Behind the headlines

Do crash diets work?

Crash dieting

“Crash diets might not be so bad in beating fat after all”

- The Independent, 16 October 2014

The BHF’s view:

This research was widely reported, including in the Mail, Telegraph and Express. Example headlines included “Crash dieting more effective than gradual weight loss” and “Crash dieting is the best way to lose weight”.

There is a lot more to this research than the headlines suggest and the current advice to make achievable, long-term changes to your diet and activity levels still stands.

In the Australian study, 200 obese adults were randomly assigned to either a 12-week rapid weight loss programme on a very low calorie diet (based on three meal-replacement shakes each day) or a 36-week diet that reduced their daily intake by 500 calories. They were all aiming to lose at least 12.5 per cent of their body weight.

The people that achieved this in the time frame were then monitored for nearly three years (144 weeks) to see whether they put the weight back on. By the end, the results were very similar for both groups – the majority (71 per cent) of people had put the weight back on.

Not all the news coverage was accurate. The Express said: “Crash dieting is the best way to lose weight”, but the study did not prove this, and certainly not in terms of long-term outcomes. The Telegraph focused on the fact that more of the rapid dieters achieved their goal – but this was only after the initial period.

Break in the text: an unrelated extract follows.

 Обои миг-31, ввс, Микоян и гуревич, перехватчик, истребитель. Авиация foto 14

The research itself had some shortcomings. The study did not include people who smoked, had diabetes, or were severely obese, so it is hard to know whether the findings would apply to those people. Even a 36-week weight loss programme, which was the ‘gradual’ option, may be too rapid for some people.

One person in the crash diet group suffered from gallbladder inflammation and had to have this organ removed. This incident was cited as “probably related” to the crash diet. Crash diets can have a number of other downsides too, including muscle loss and missing out on essential nutrients, yet the study did not seem to monitor these factors.

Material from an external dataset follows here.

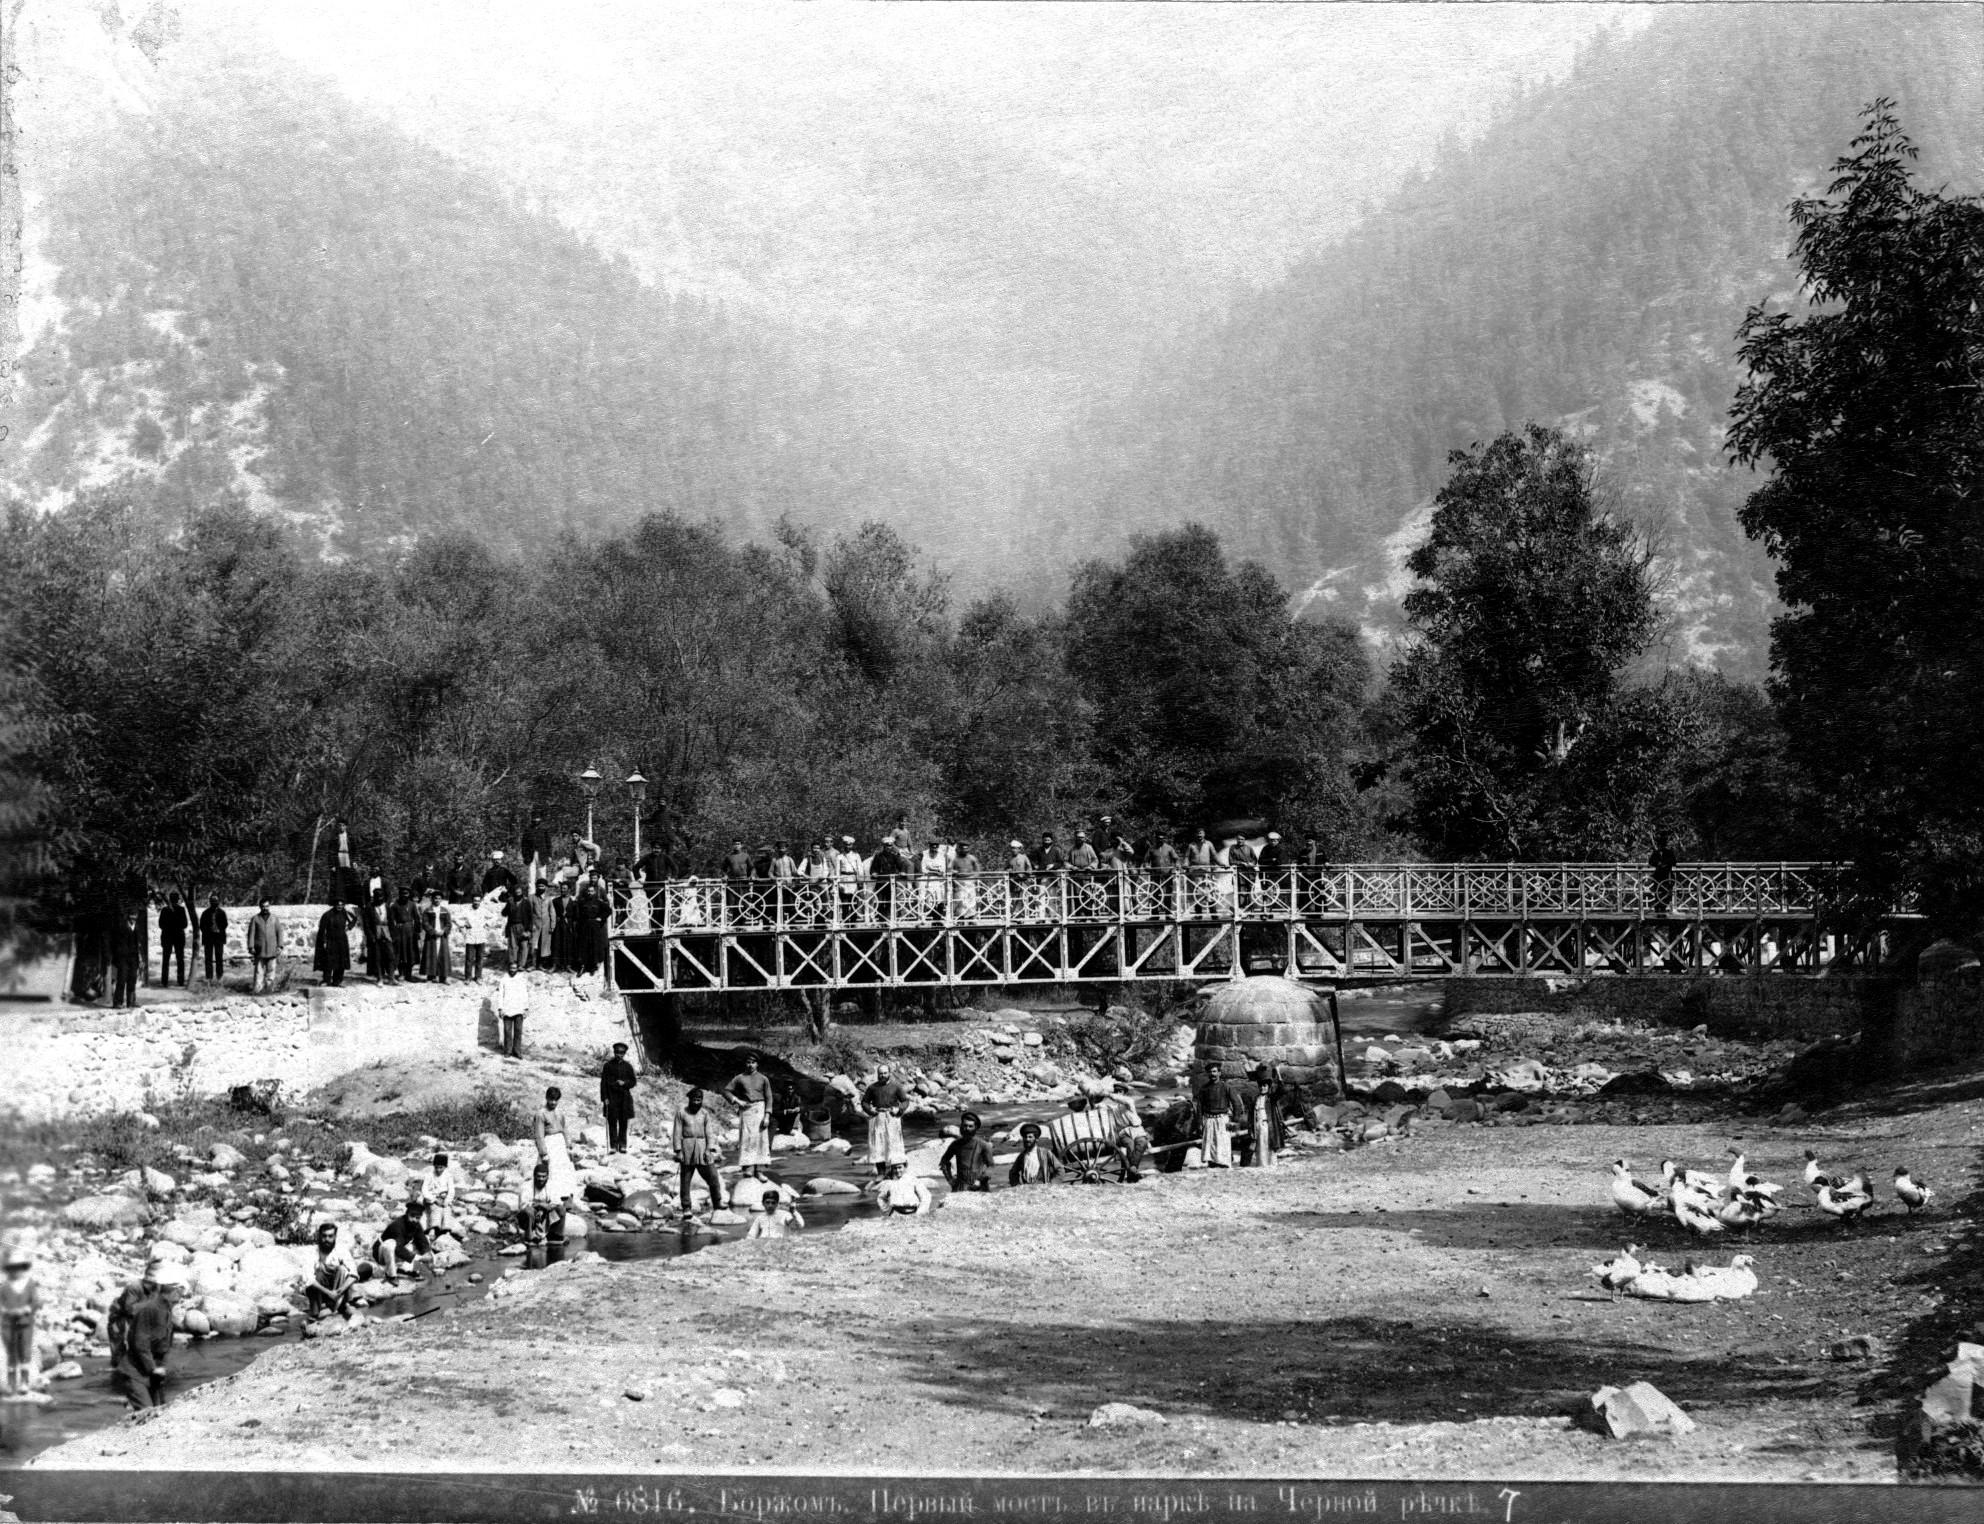 Первый мост в парке на Чёрной речке

The research also didn’t look at the ways that physical activity can help with weight loss. Only about half of people achieved the 12.5 per cent weight loss and also stayed in the study for the follow-up period (61 people in the rapid group, and 43 in the gradual group).

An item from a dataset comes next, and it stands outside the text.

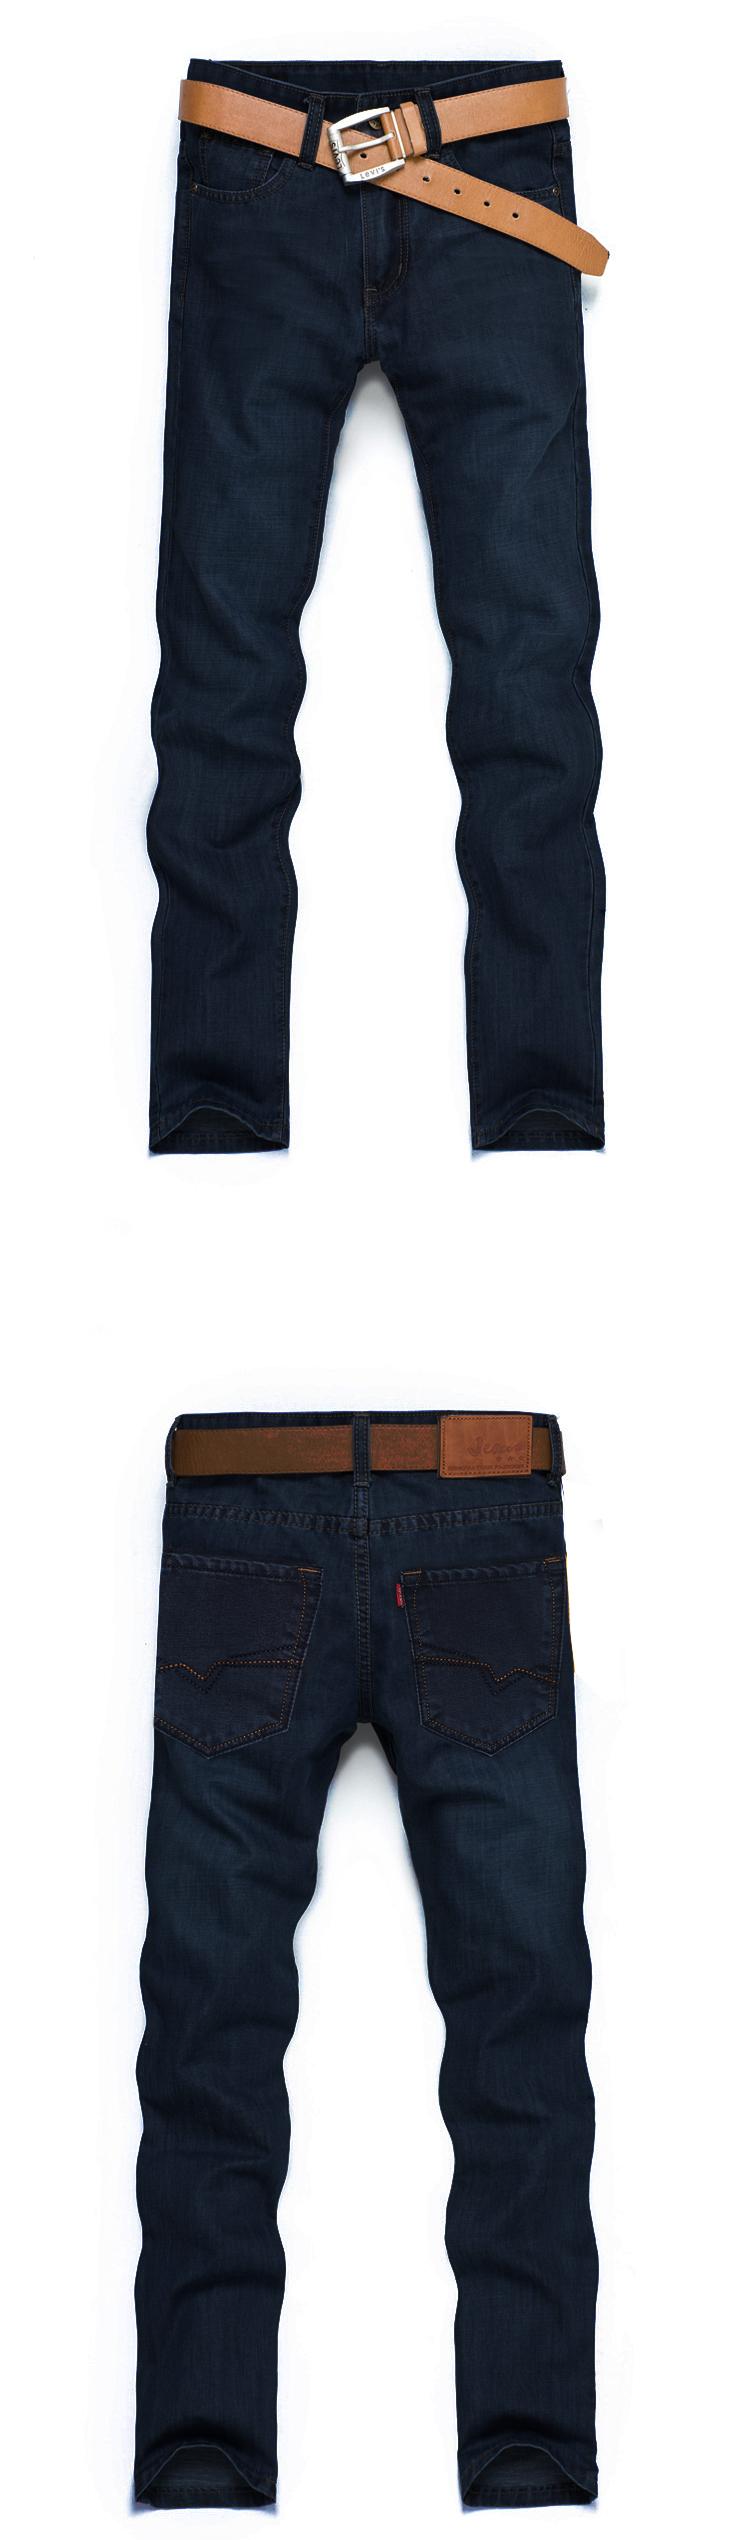 Quần jean ống đứng xanh đen qj1125 - 1

A larger study might have yielded different results. Victoria Taylor, our Senior Dietitian, said: “Quick fixes can be appealing when it comes to weight loss. Changing eating habits and lifestyles can be a challenge and take time, but it’s important to consider long-term health as well as your weight.

That’s why we encourage people to forget fads and instead recommend a sustainable approach to weight loss. Making small, achievable changes to diet and activity levels can make a long-term difference and means you get a good balance of nutrients.”